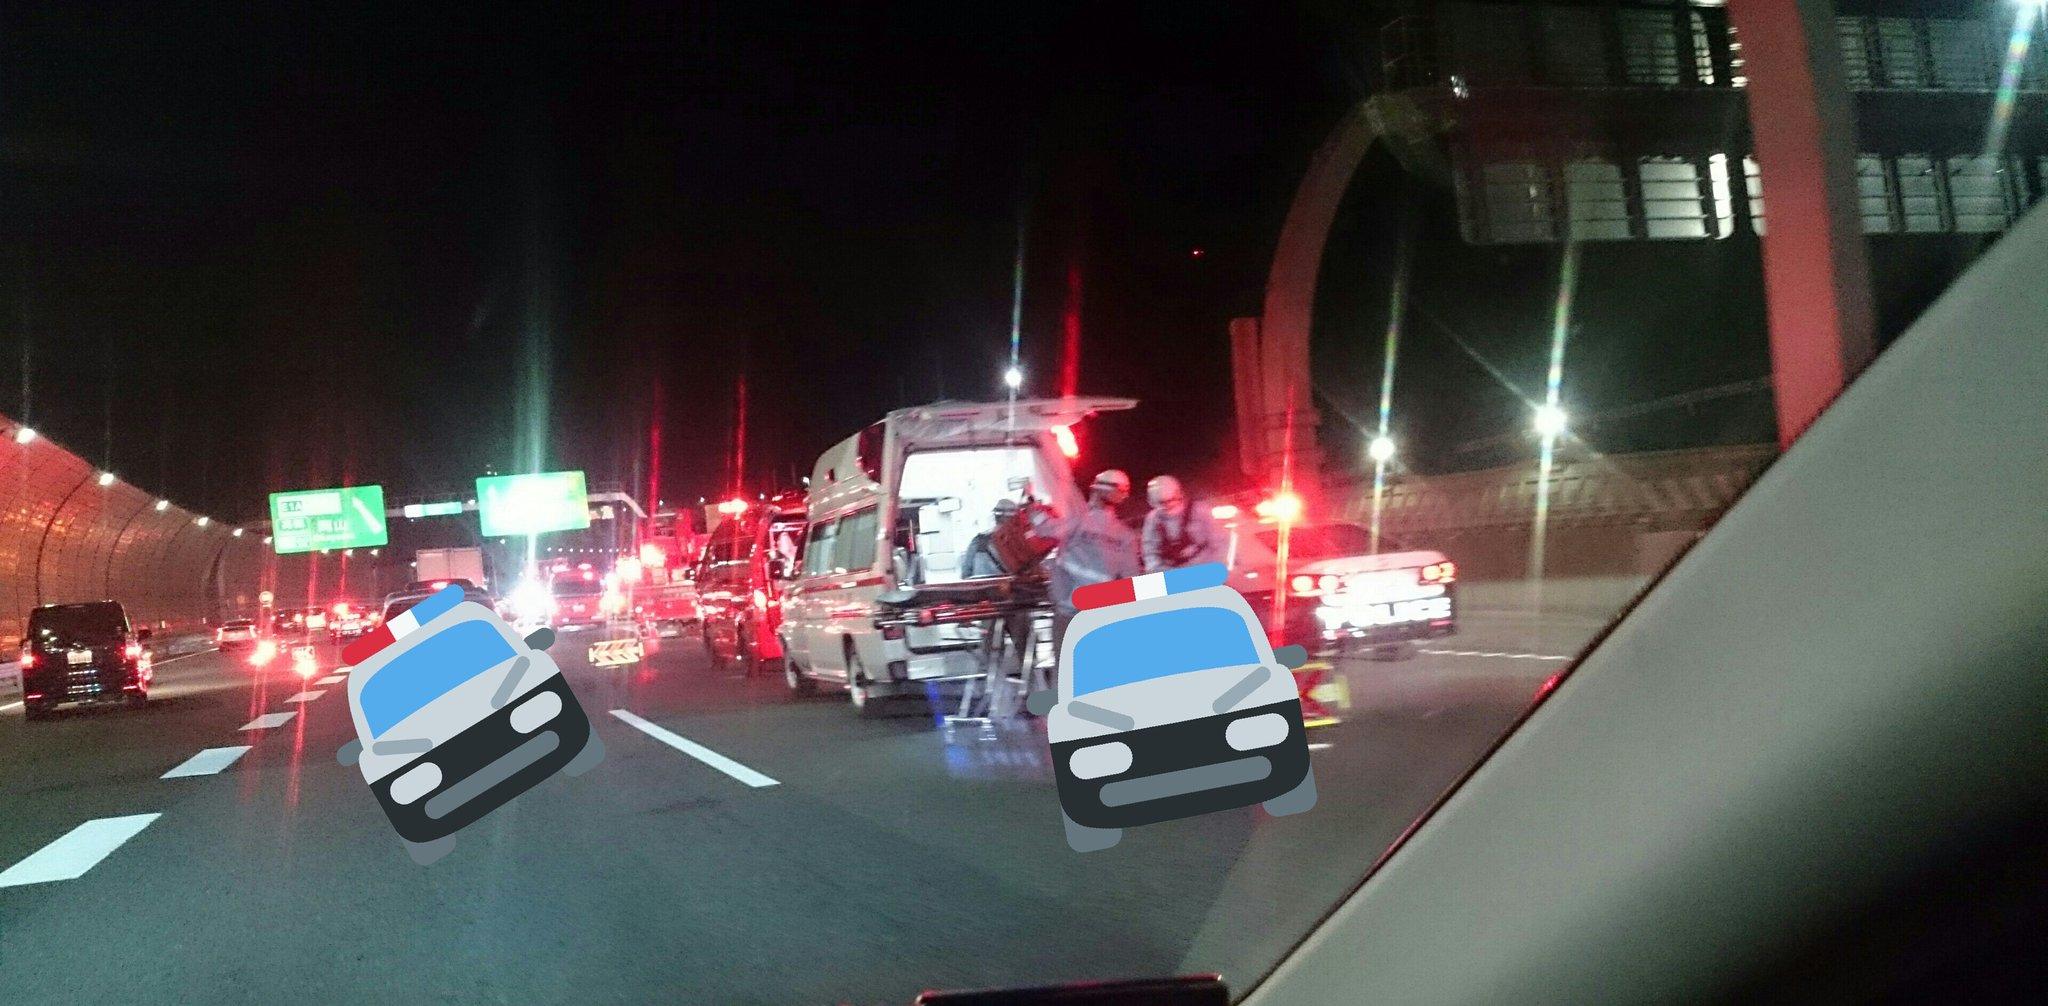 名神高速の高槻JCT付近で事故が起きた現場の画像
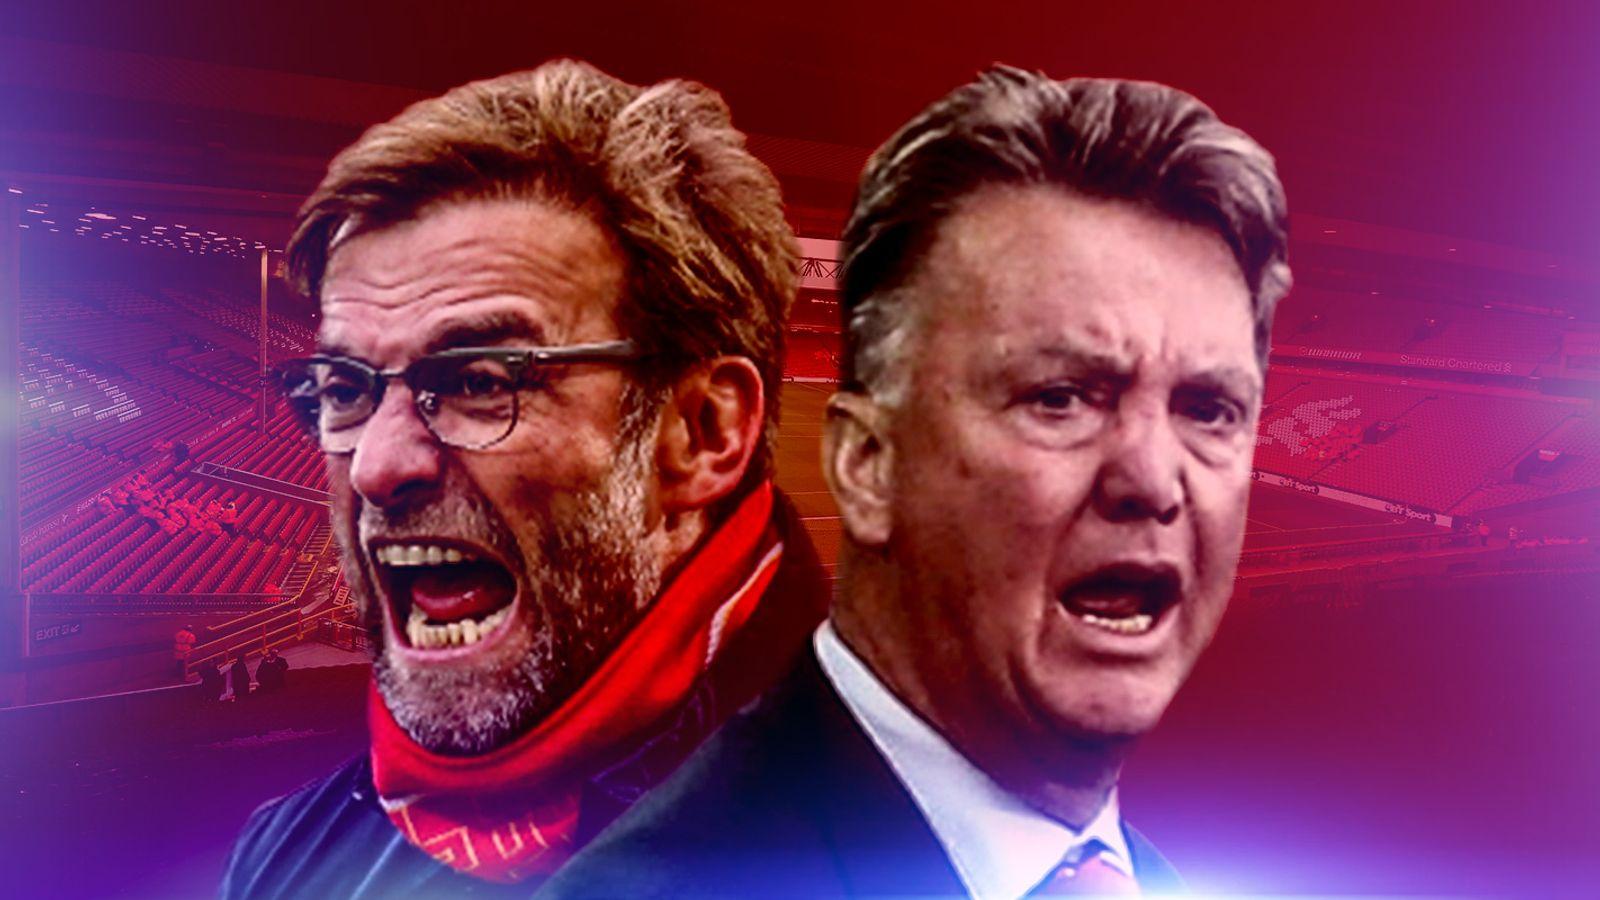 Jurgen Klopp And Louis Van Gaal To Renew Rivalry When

---

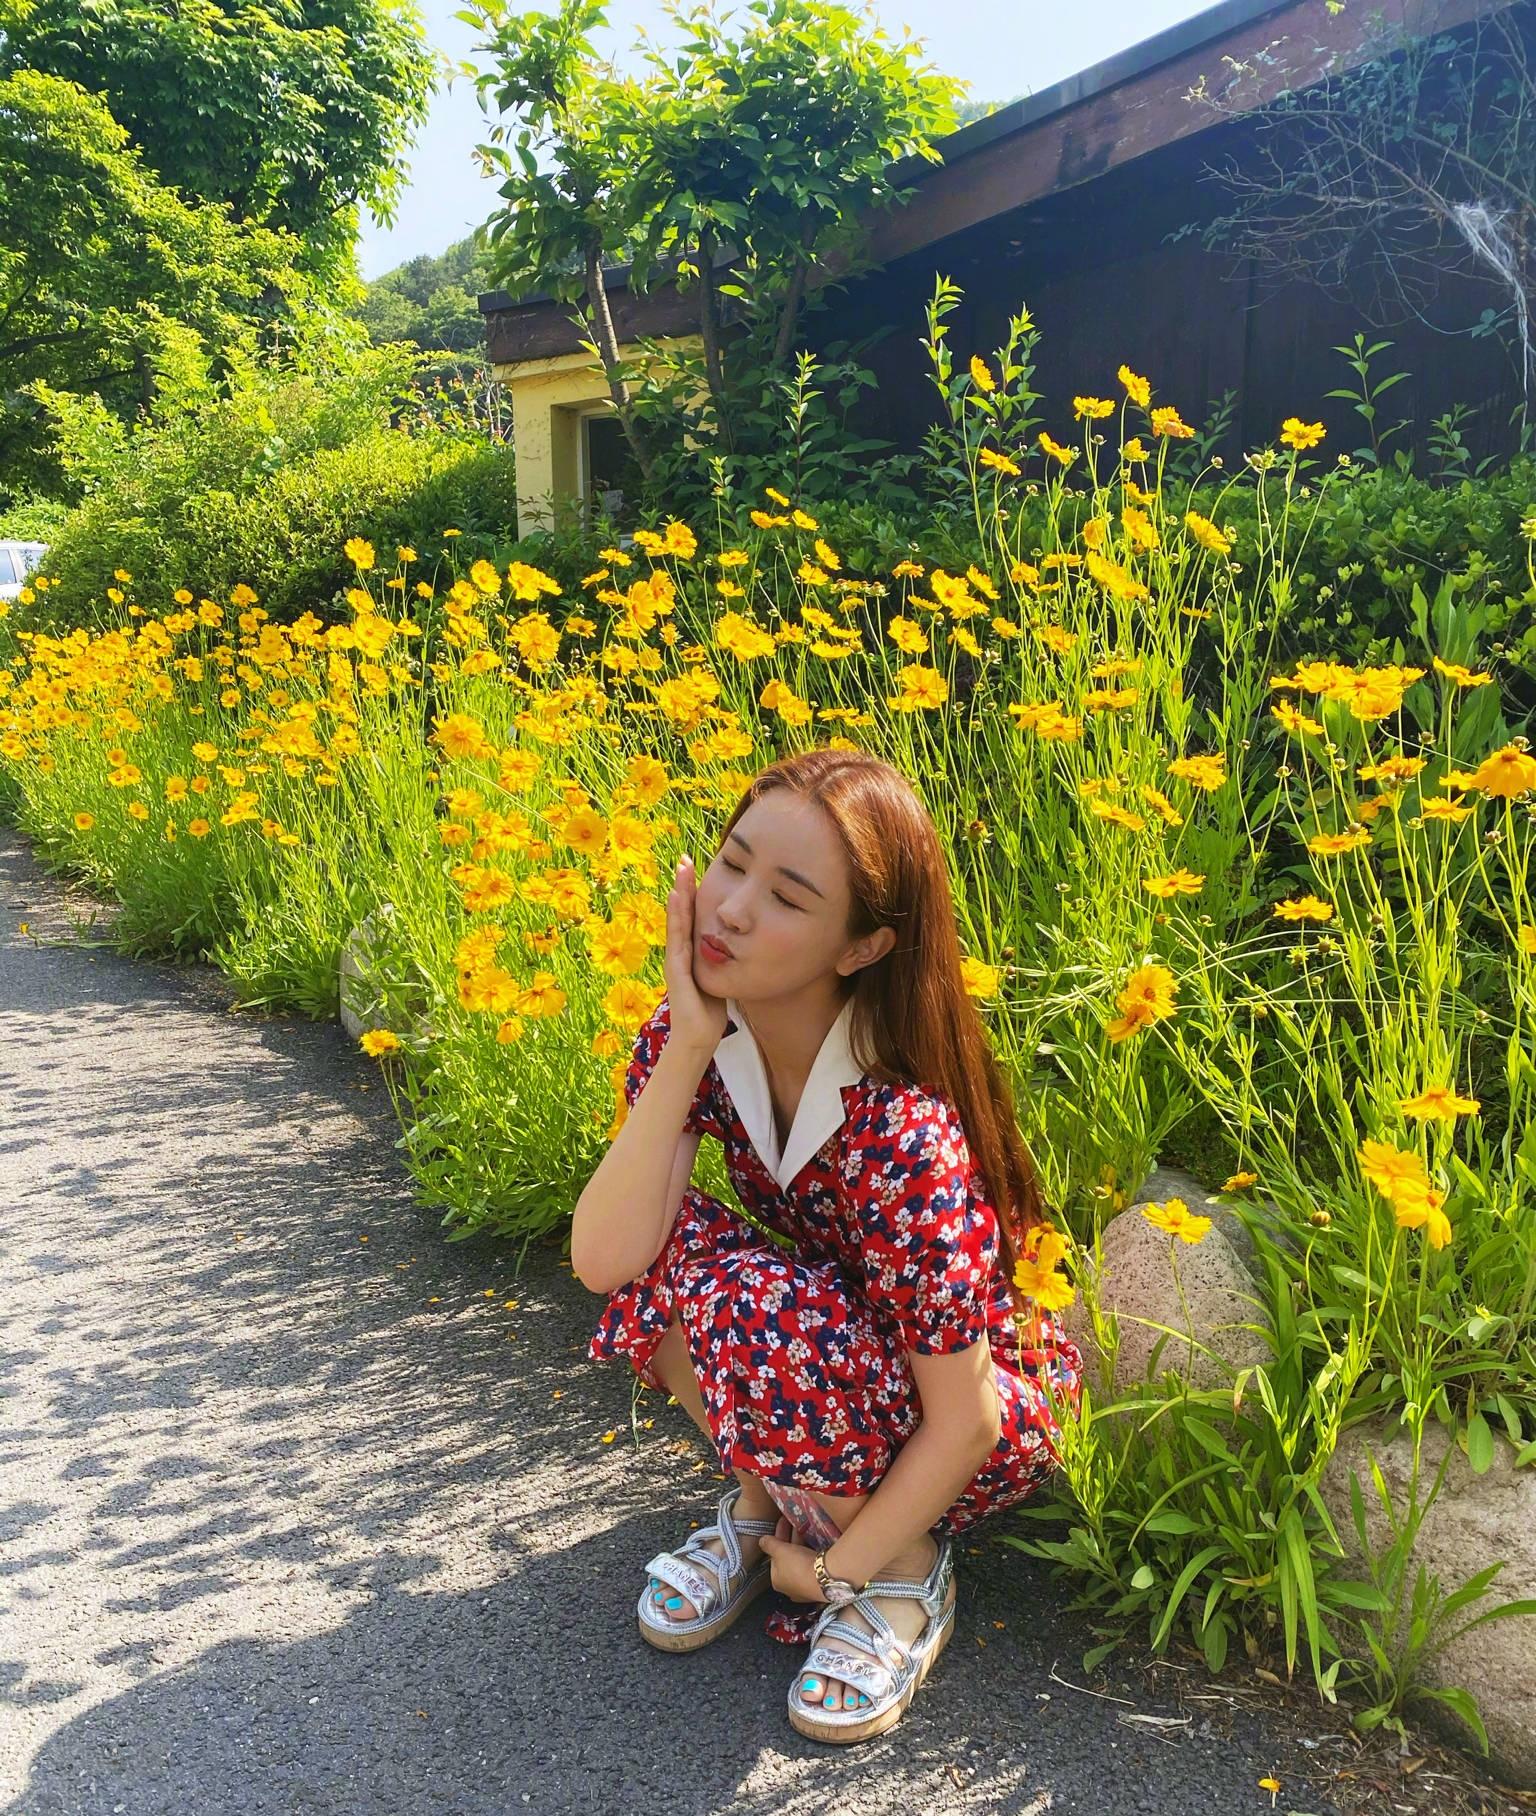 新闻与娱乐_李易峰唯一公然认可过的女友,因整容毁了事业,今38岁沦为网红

### REQUIRED ACTION
Nothing but the lines from the one with "名神高速の高槻JCT付近で事故が起きた現場の画像" to the one with "Jurgen Klopp And" above, both included, should be transcribed, exactly and without pictures.

### EXPECTED OUTPUT
 名神高速の高槻JCT付近で事故が起きた現場の画像
 Jurgen Klopp And Louis Van Gaal To Renew Rivalry When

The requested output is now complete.